I pull out my phone and punch in my mother’s number. There’s no harm in calling and seeing if she can talk without my father looming over every word. The video chat sparks to life, and my mother’s smiling face materializes on the other side.
“What do you need?” My mother looks somewhere off camera. She’s out on the pool deck, making something or mixing something. Though I can’t tell what.
“Do I need any other reason to call you other than to check in?”
“Hmm.” She muses to herself. “Well seeing as you rarely check-in, I would say yes. You usually only call when you’re concerned about something or need my advice. And considering how miserable you looked with that woman at dinner last night, I’ll guess that has something to do with it.”
“How insightful of you.”
She flicks a hand in the air. “Call it ‘mother’s intuition’. What’s the story there anyway? Did your father put you up to this?”
“Um…” How the hell do I answer that?
Before I can develop a convincing excuse, the tiny wrinkles around her eyes deepen into notable wings at the corners. “I’ll have a word with him. He shouldn’t do this to you.”
Shit.
This isn’t going the way I wanted it to go. “Mom, wait. It just…”
How do I tell her? How do I ask her to come stay in an empty apartment and leave my father? What possible excuse could I give that wouldn’t put her at risk of fighting with him again? If I tell her what he’s done, what he’s threatened, she’ll either say I’m overreacting or confront him. That will only end in more broken furniture, and I will end up with nothing. Just like he promised.
If she does believe me, she’ll say something like, “nothing could ever keep me from you”. It would only hurt more when the time came, and my mother was nowhere to be found. Perhaps, not by any choice of her own. My father can be very convincing. Either way, it is difficult to convince a woman to leave her husband after thirty-five years of marriage.

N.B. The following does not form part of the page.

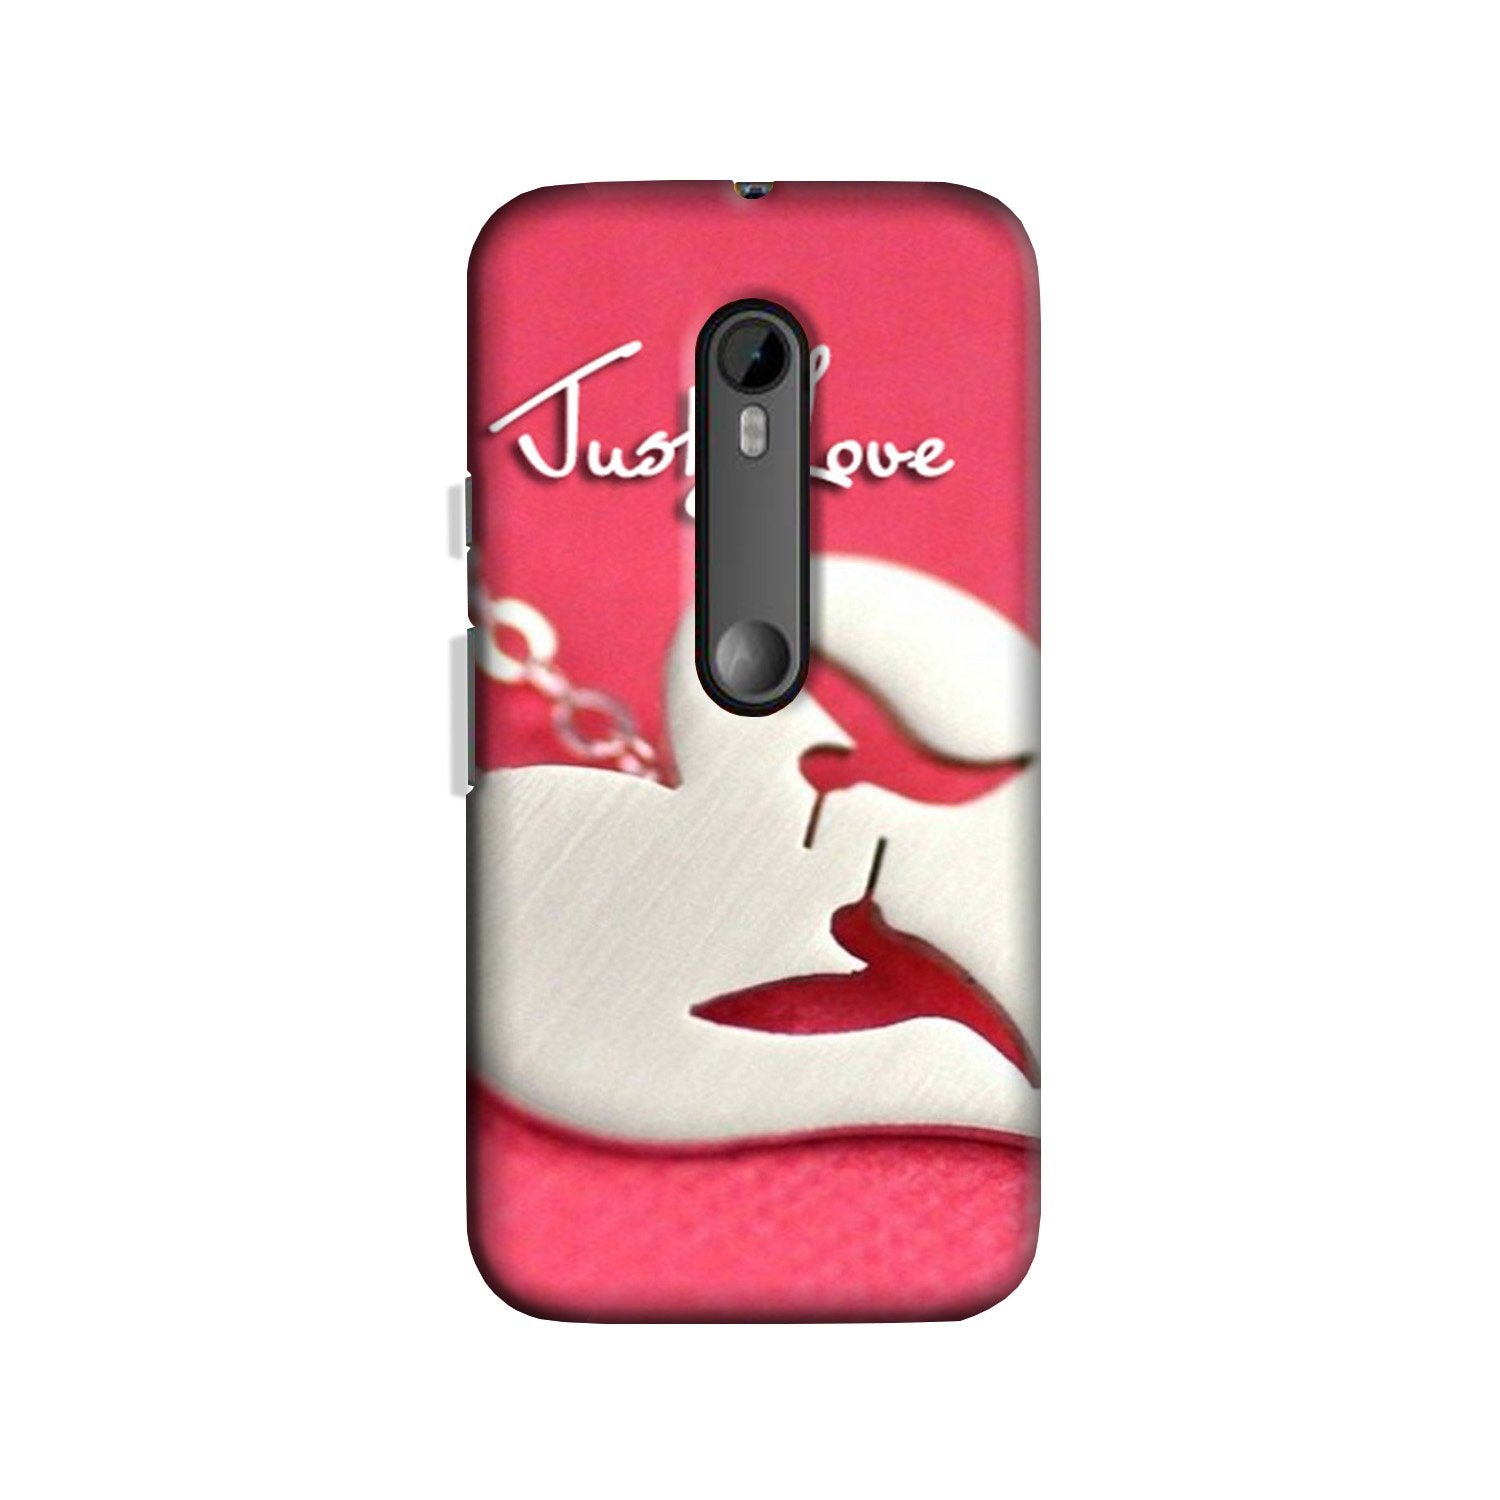 Just love Case for Moto X Play

She’s already put up with so much over the years, why wouldn’t she be able to handle this, too?
My mother’s been staring at me for the last minute. Her scowl gradually tightens with each passing second.

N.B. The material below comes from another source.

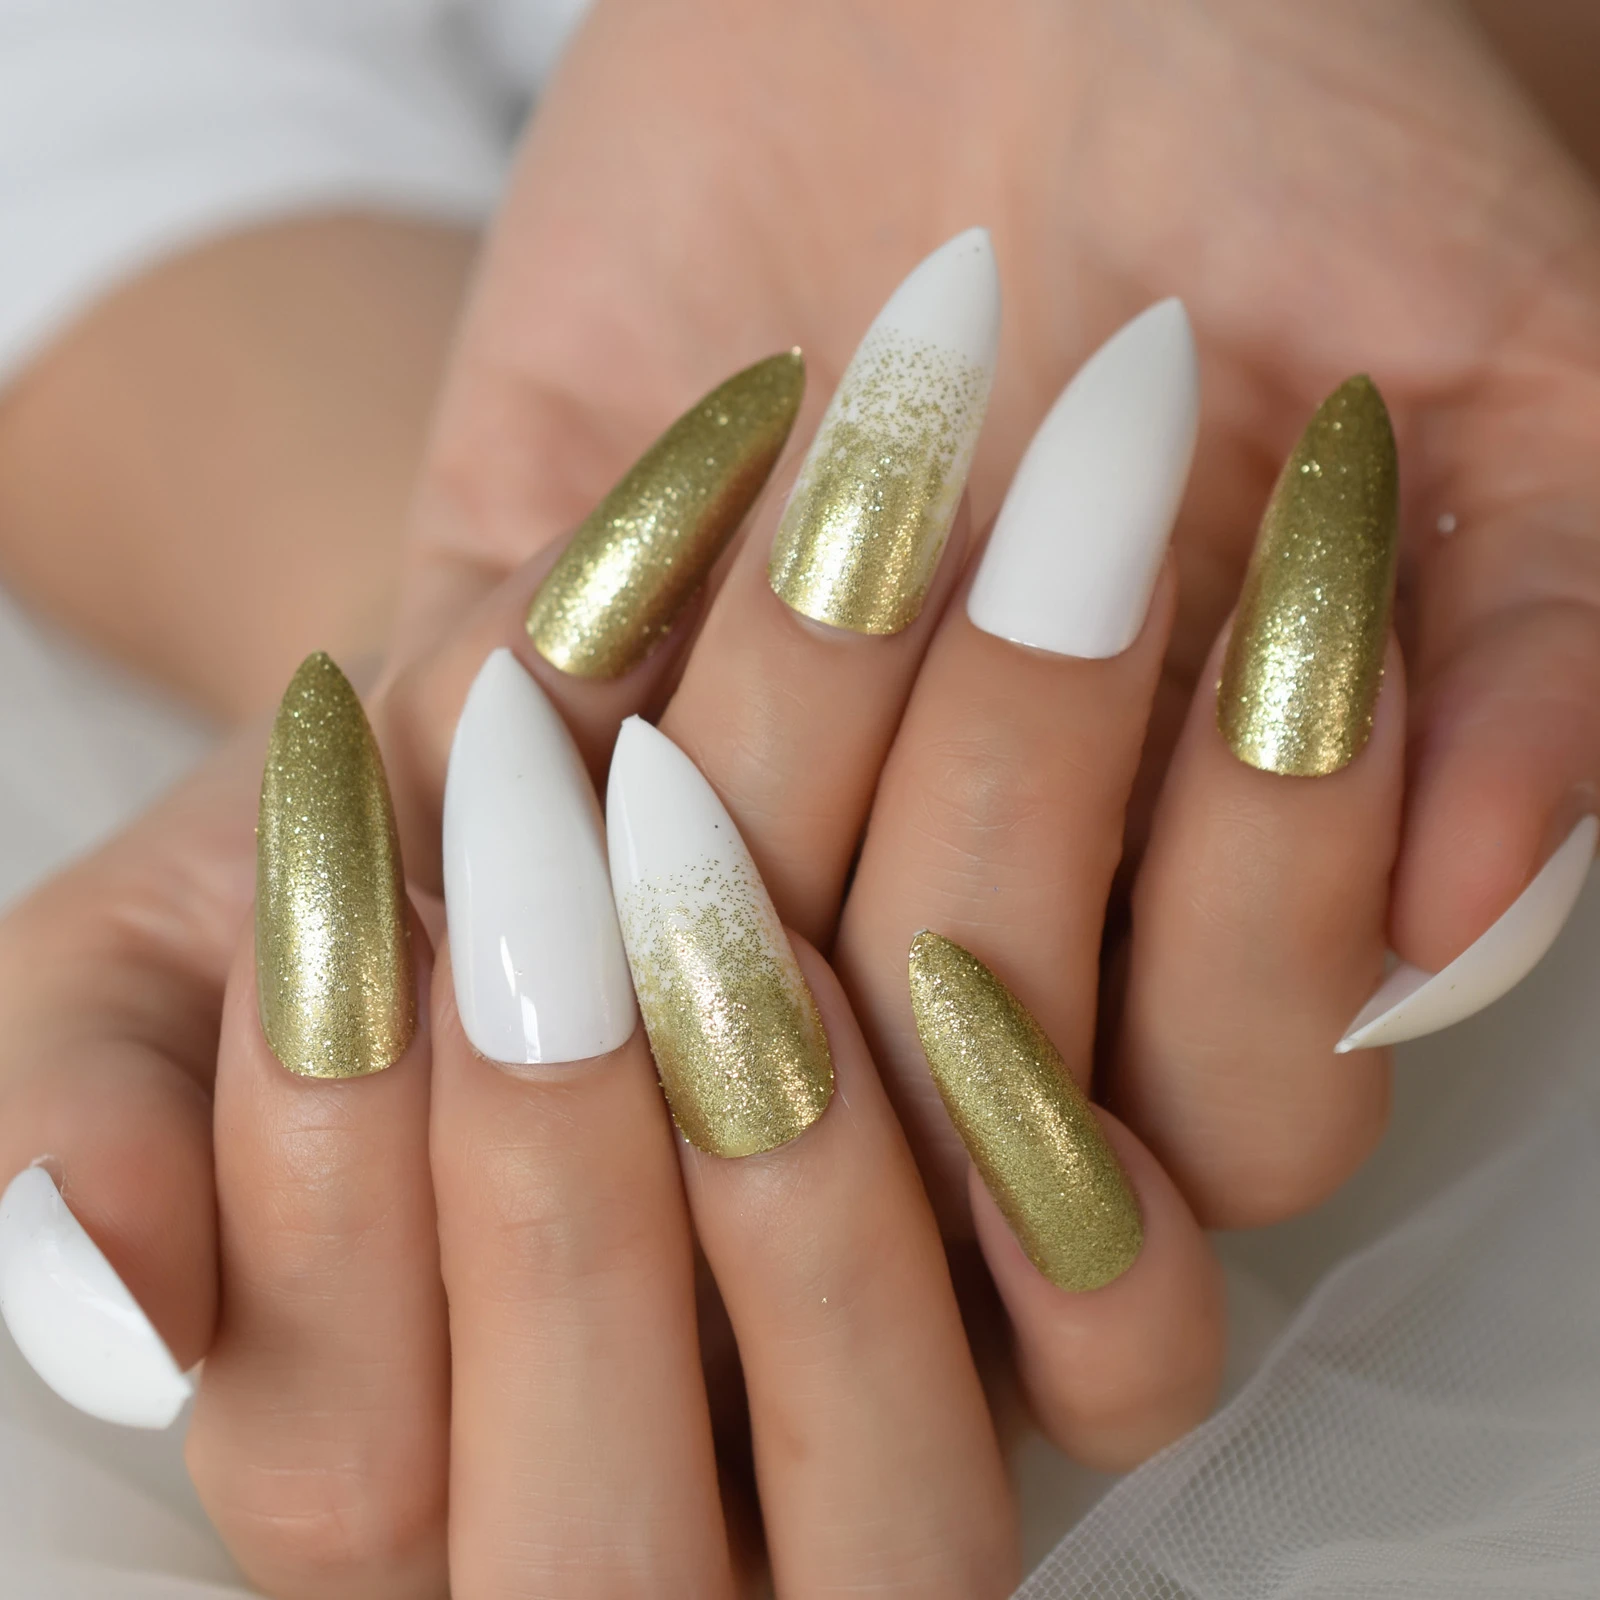 White Extra Long Stiletto Fake Nails Gold Glitter Gradient Shimmer Ladies Fingernails  Manicure Tips For Party 24pcs - False Nails - AliExpress

“I just…” The words fail me. “My apartment in San Francisco has been vacant for a while. Dad doesn’t know about it, so...if you ever need a place to stay.”
“Honey, why are you telling me this?” My mother puts down whatever she’s been working on, the gravity in her voice revealing how transparent I’ve become.

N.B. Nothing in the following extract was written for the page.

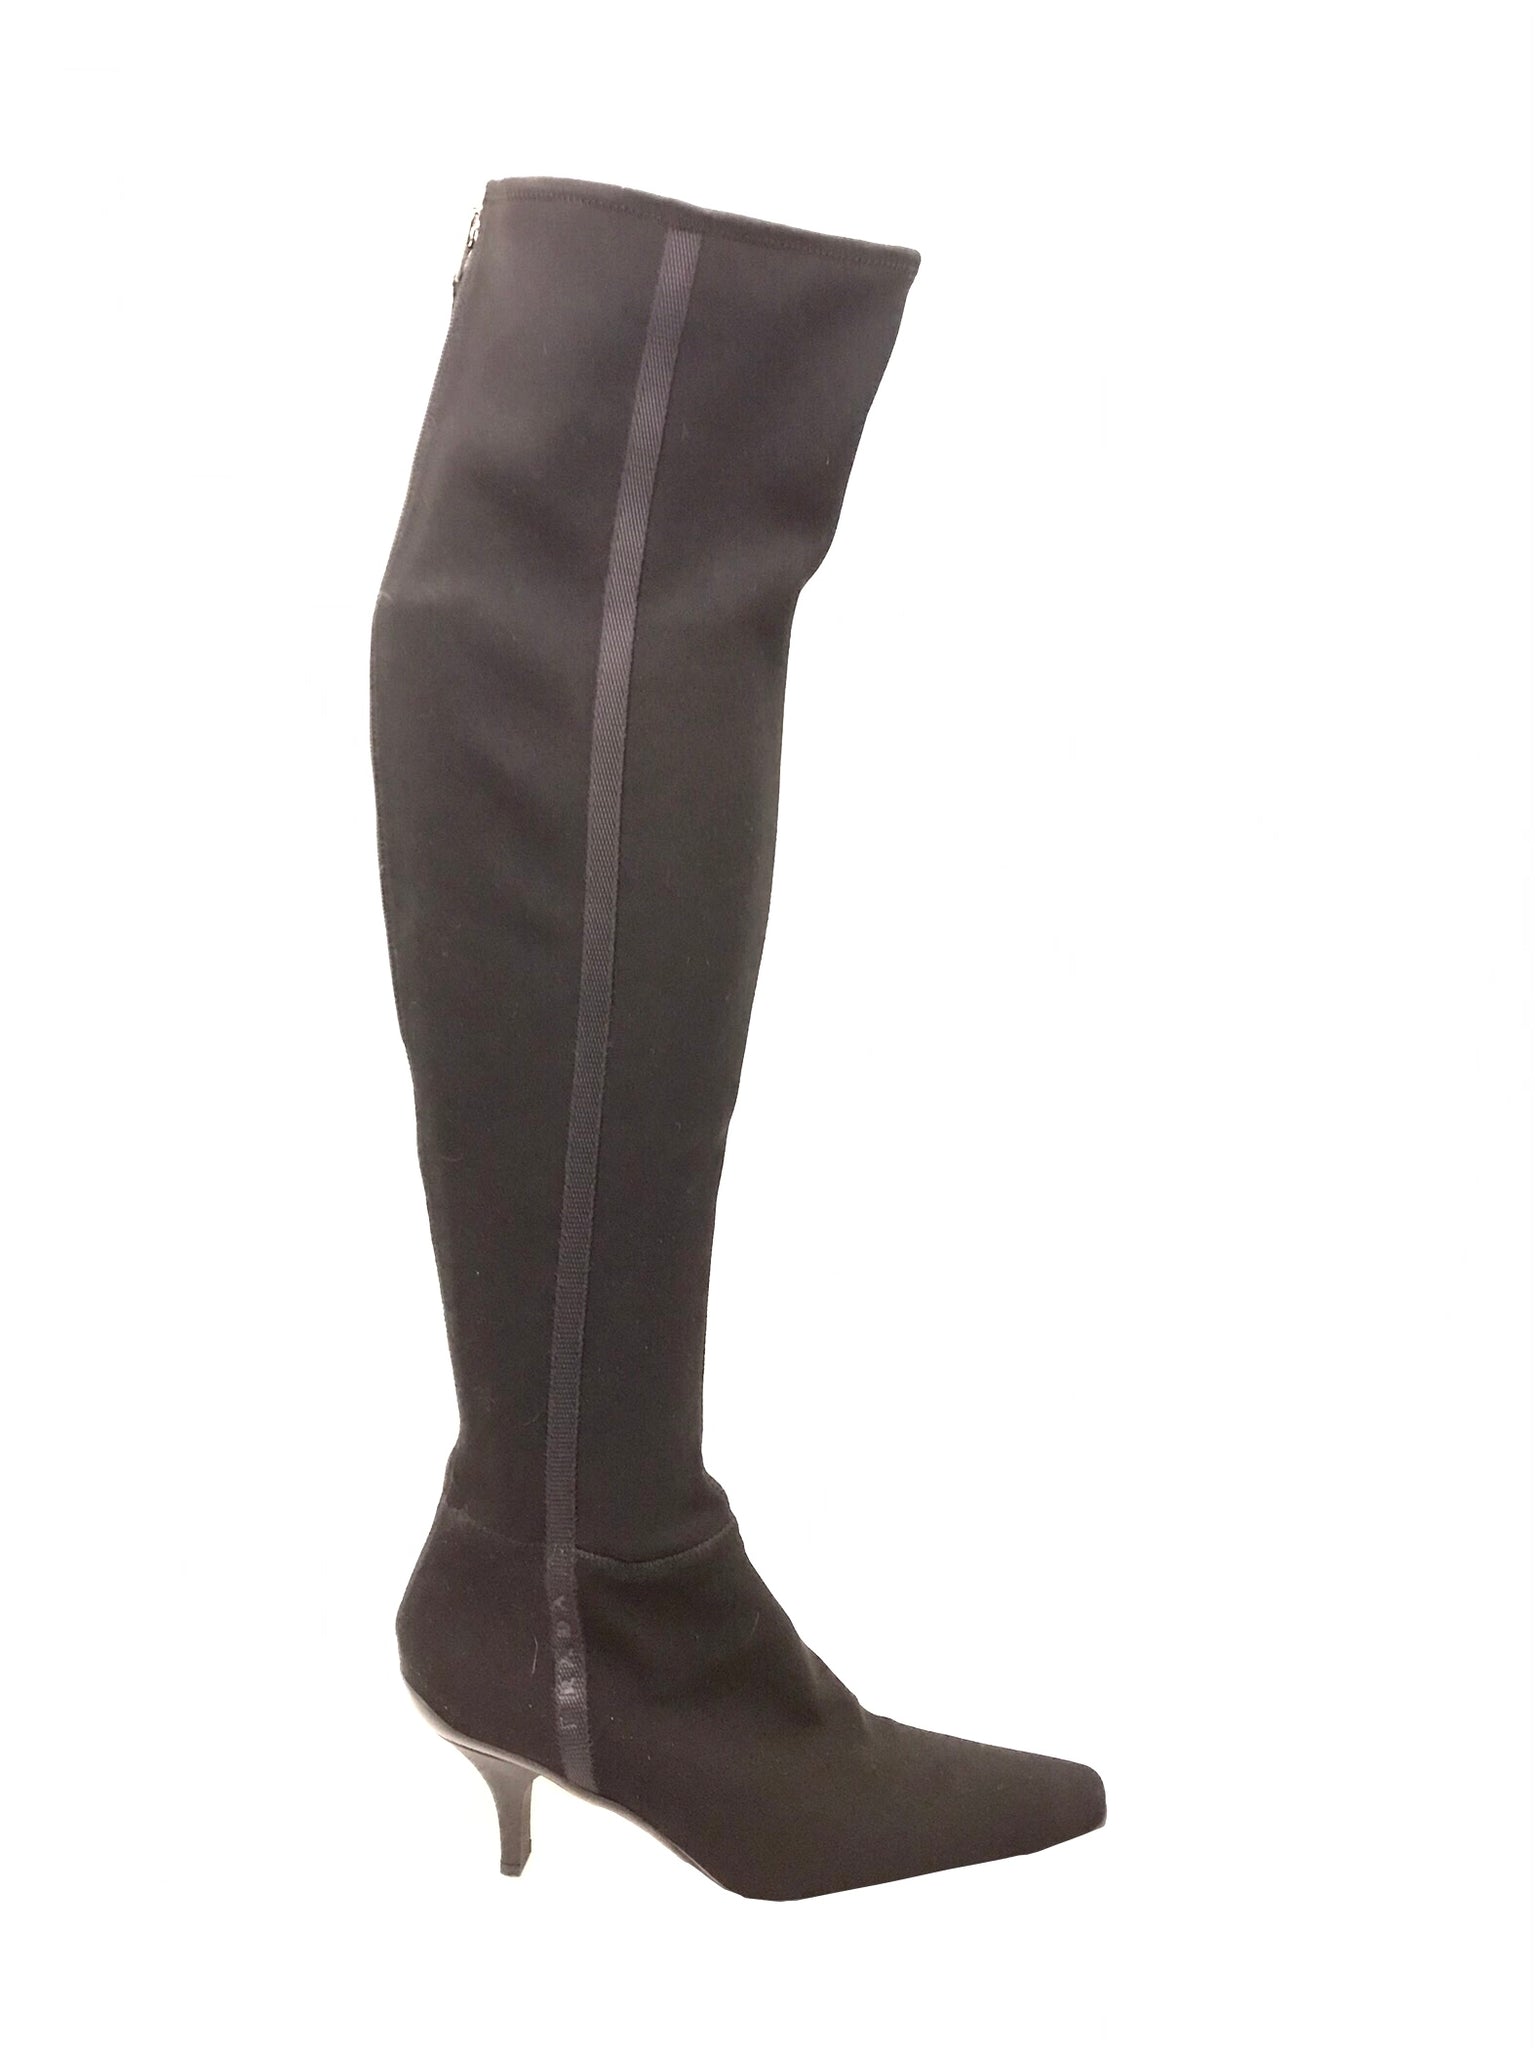 Techno Knee High Boots

“Just in case, you know, you need some time away,” I explain, trying to wave off her worries. “That’s a normal thing married couples do.”
“How would you know?” She sniffs at the air. “You’ve always hated the idea of marriage.”
“Mom.”
“What?” She peers into the camera innocently. “I’d like to see my son settled down before I’m put in the ground, you know.”
“You’re only fifty-six.”
“You never know when it’s your time,” she all but shouts into the cellphone. “So you need to hurry up before it’s too late. Just not with that girl. That Chloe. I mean, my grandchildren would be beautiful, but they’d also probably be born with a Mattel symbol for a birthmark, so…”
She raises whatever she’s been working on up to her lips. Some multicolored concoction with a pineapple wedge and flamingo embellishment flashes across the screen.
“Find someone who treats you right and loves you for all the right reasons.” Her eyes drift off the screen again, staring off into some magical realm from the looks of it.
“Otherwise, you’ll wake up after thirty-five years of marriage and realize you’re too old to flirt with that sexy groundskeeper who’s always smiling at you from across the pool deck.”
What the hell?
I must have slipped into some sort of hallucination. But she appears completely serious, her eyes locked somewhere off screen. “Mom!”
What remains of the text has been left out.